Loaded 800 flights from Neo4j

Sample flight data:
+-----------+-------------+-----------+------+-----------+
|aircraft_id|flight_number|operator   |origin|destination|
+-----------+-------------+-----------+------+-----------+
|AC1013     |EX370        |ExampleAir |PHX   |SEA        |
|AC1014     |SK739        |SkyWays    |SEA   |SFO        |
|AC1012     |NO833        |NorthernJet|ATL   |LAX        |
|AC1008     |NO234        |NorthernJet|DFW   |LAX        |
|AC1001     |EX199        |ExampleAir |MIA   |SFO        |
+-----------+-------------+-----------+------+-----------+
only showing top 5 rows

Actual Output: Federated Query (Databricks Runtime 17.3 LTS)

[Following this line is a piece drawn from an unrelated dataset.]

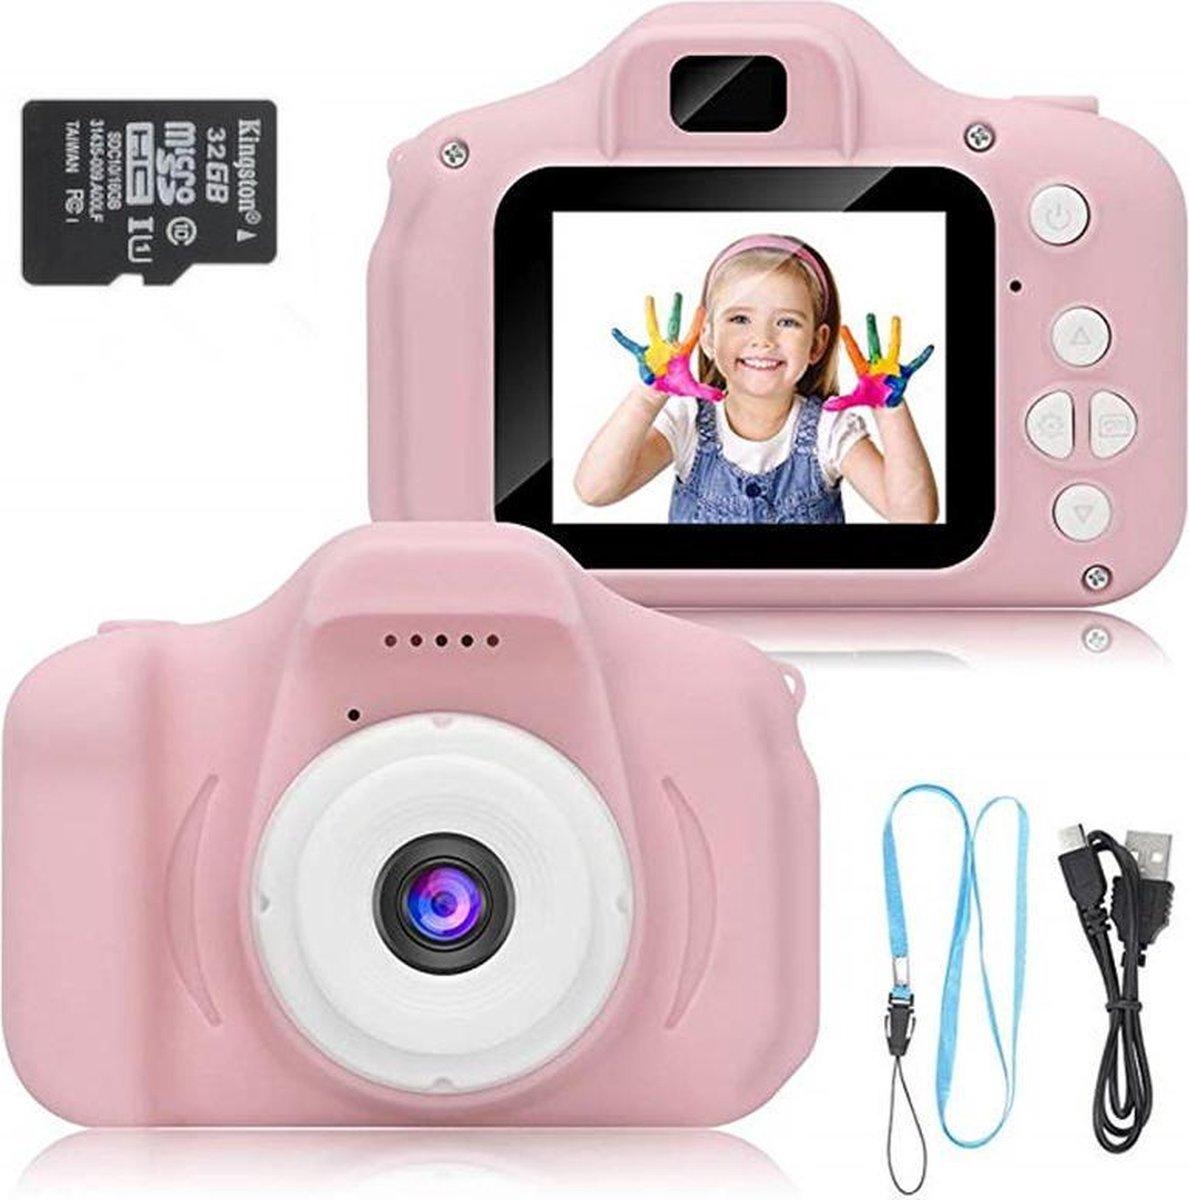 Jukxo Kindercamera Roze   Inclusief 5 Spellen en 32GB SD-kaart   Digitale Kindercamera -Kinderfototo
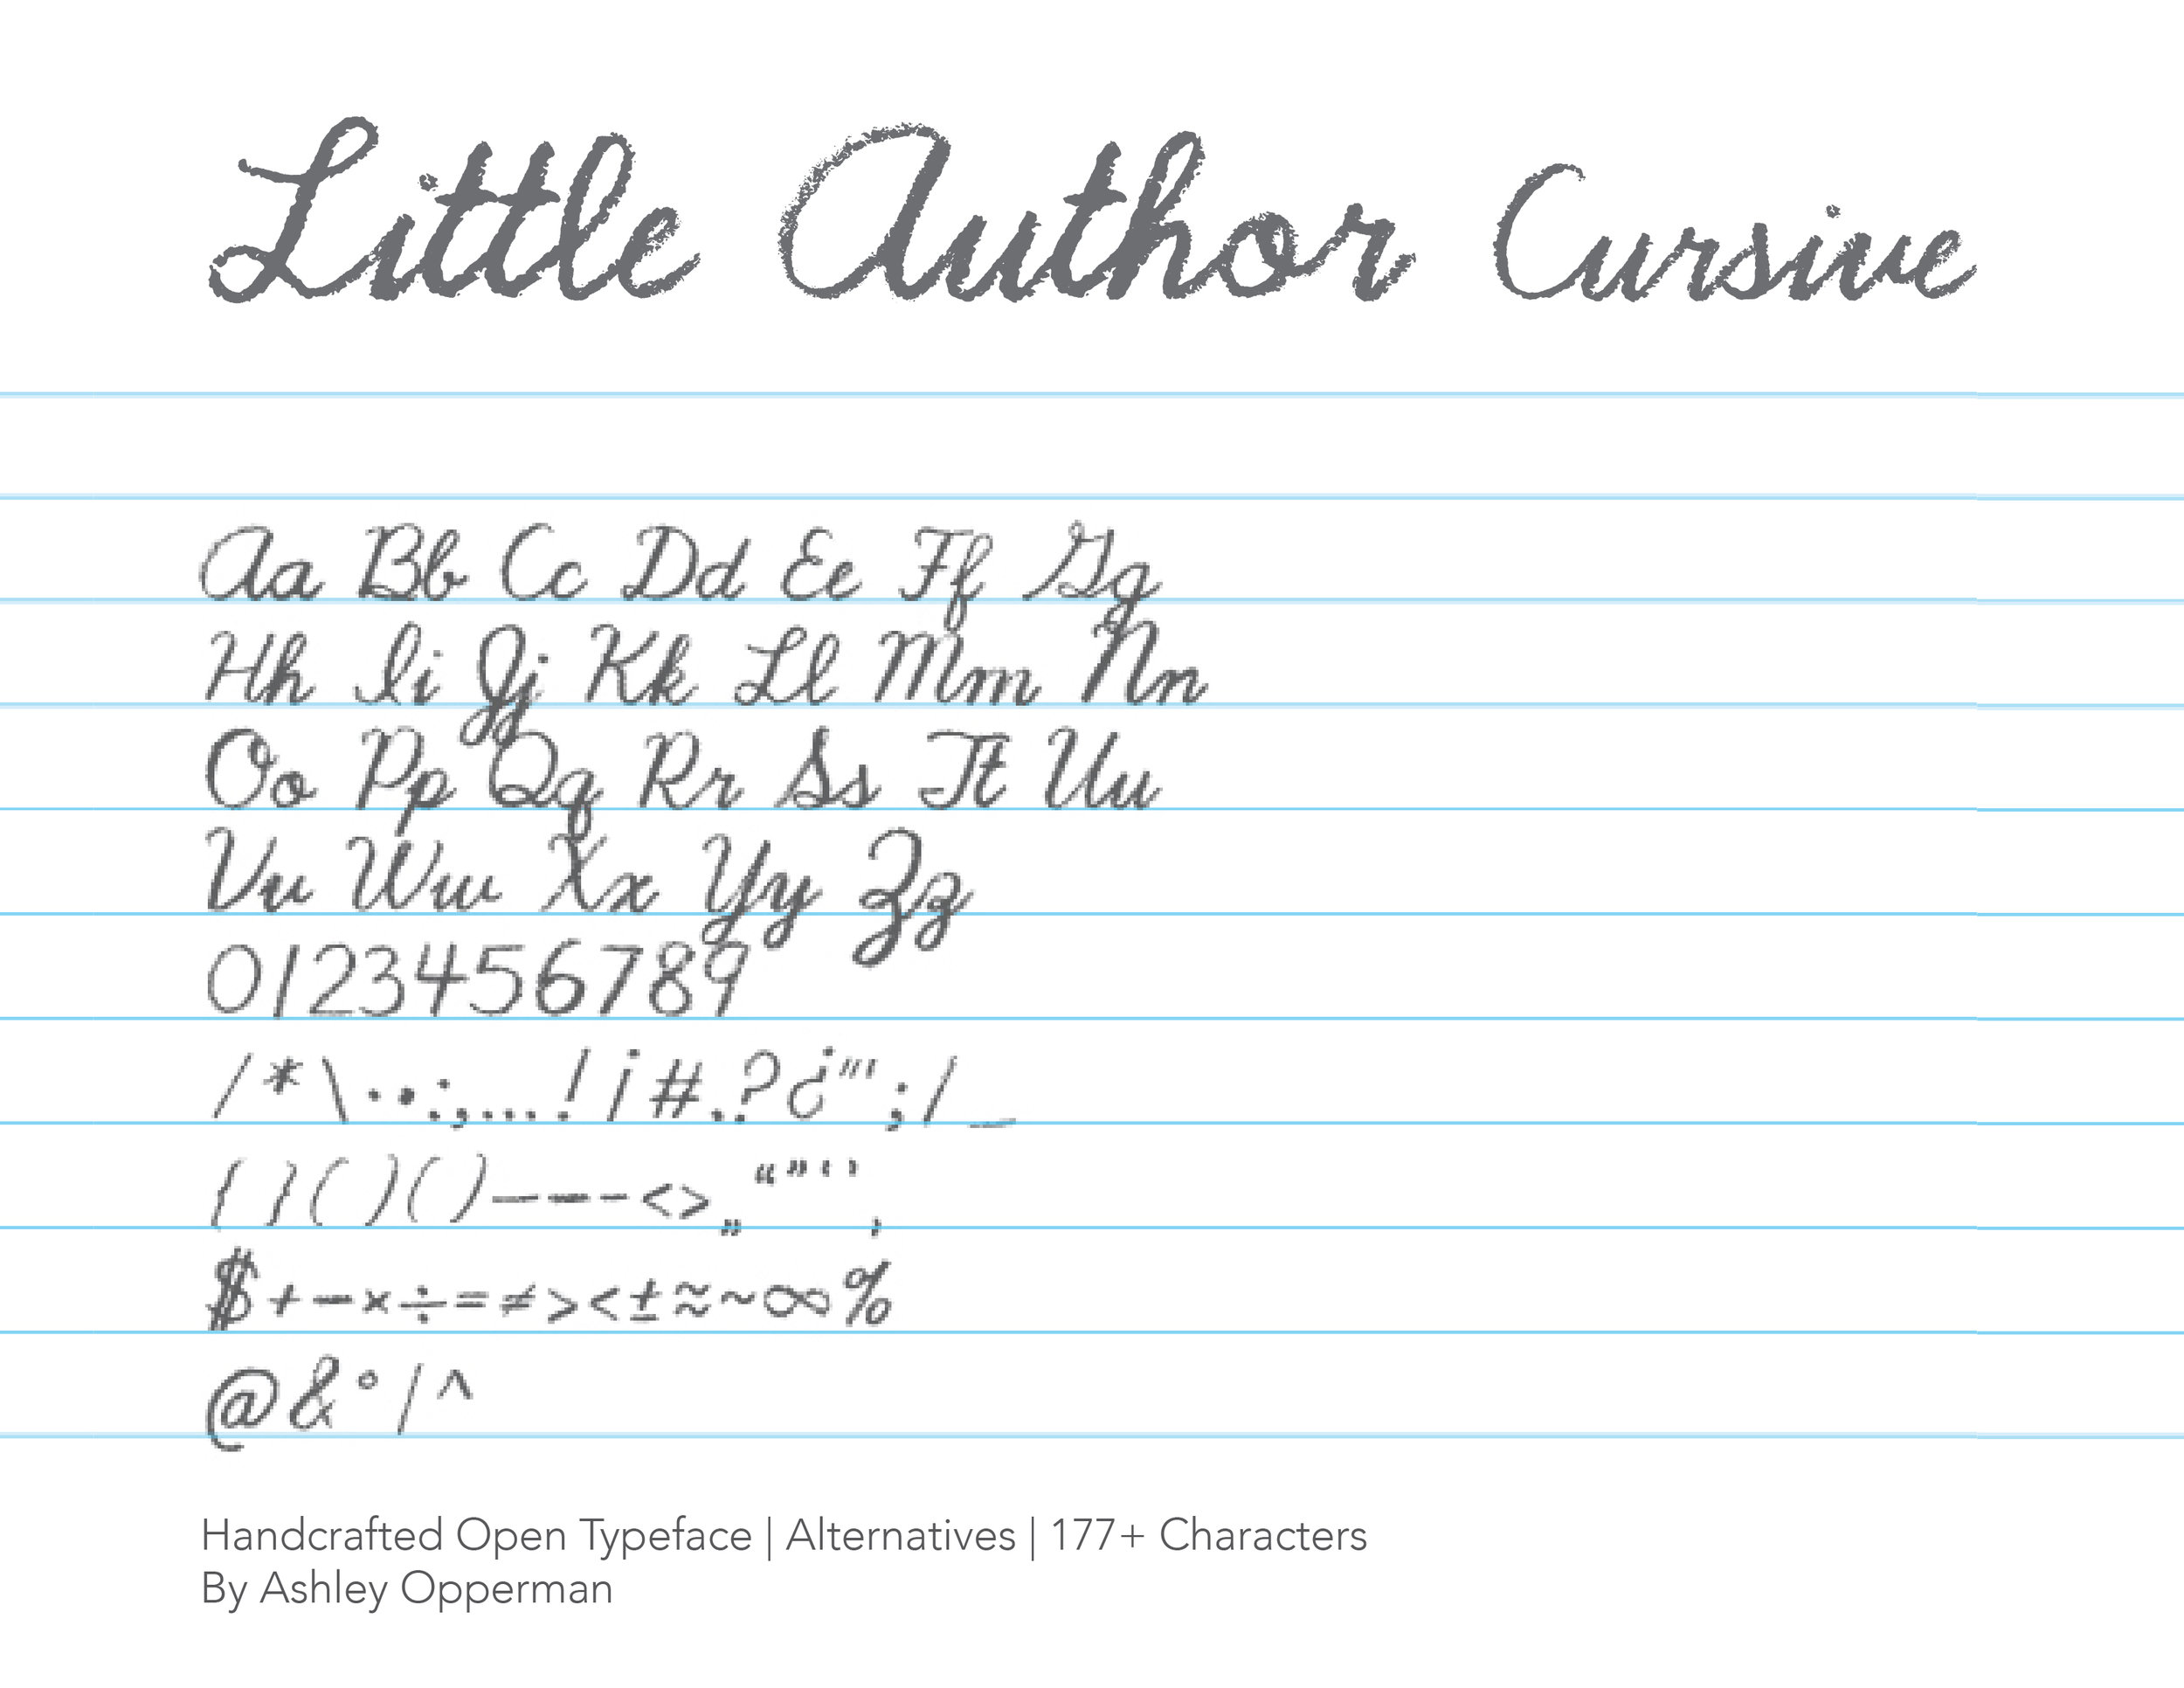 Author_Font-Oct2018-01.jpg

This federated result was produced live on Databricks, JOINing Neo4j flight data with Delta engine sensor readings:

Flight Operations + Engine Performance
Delta: sensor_readings (Engine sensors), sensors, systems, aircraft
Neo4j: Flight nodes (Spark Connector)
==========================================================================================
+-----------+--------+-----------+-------------+-------+------------+---------+--------+------+
|tail_number|model   |operator   |total_flights|origins|destinations|avg_egt_c|fuel_kgs|n1_rpm|
+-----------+--------+-----------+-------------+-------+------------+---------+--------+------+
|N86057G    |A321neo |RegionalCo |51           |12     |12          |671.6    |1.39    |4768.0|
|N63098R    |A320-200|SkyWays    |48           |11     |12          |671.6    |1.39    |4768.0|
|N89365K    |A321neo |RegionalCo |48           |12     |12          |671.6    |1.39    |4768.0|
|N95040A    |B737-800|ExampleAir |47           |12     |12          |671.6    |1.39    |4768.0|
|N76758N    |A320-200|SkyWays    |46           |12     |12          |671.6    |1.39    |4768.0|
|N15332P    |E190    |NorthernJet|46           |10     |11          |671.6    |1.39    |4768.0|
|N81338F    |A320-200|SkyWays    |45           |12     |12          |671.6    |1.39    |4768.0|
|N84110I    |B737-800|ExampleAir |43           |12     |12          |671.6    |1.39    |4768.0|
|N30268B    |A320-200|SkyWays    |41           |12     |12          |671.6    |1.39    |4768.0|
|N96107S    |A321neo |RegionalCo |41           |12     |12          |671.6    |1.39    |4768.0|
|N44342Q    |B737-800|ExampleAir |41           |12     |12          |671.6    |1.39    |4768.0|
|N46224T    |E190    |NorthernJet|40           |12     |10          |671.6    |1.39    |4768.0|
|N84703L    |E190    |NorthernJet|40           |12     |12          |671.6    |1.39    |4768.0|
|N13211H    |E190    |NorthernJet|39           |9      |12          |671.6    |1.39    |4768.0|
|N54980C    |A321neo |RegionalCo |34           |12     |11          |671.6    |1.39    |4768.0|
|N32276J    |A320-200|SkyWays    |33           |12     |12          |671.6    |1.39    |4768.0|
|N37272D    |E190    |NorthernJet|30           |11     |10          |671.6    |1.39    |4768.0|
|N65164O    |A321neo |RegionalCo |30           |12     |12          |671.7    |1.39    |4768.0|
|N26760M    |B737-800|ExampleAir |30           |11     |12          |671.6    |1.39    |4769.0|
|N53032E    |B737-800|ExampleAir |27           |10     |12          |671.6    |1.39    |4768.0|
+-----------+--------+-----------+-------------+-------+------------+---------+--------+------+

Key Difference from Query 3

This query filters Delta sensor data to engine systems only (WHERE sys.type = 'Engine'), while Query 3 includes all sensor types. It also uses INNER JOINs instead of LEFT JOINs since we only want aircraft with both flight and engine data.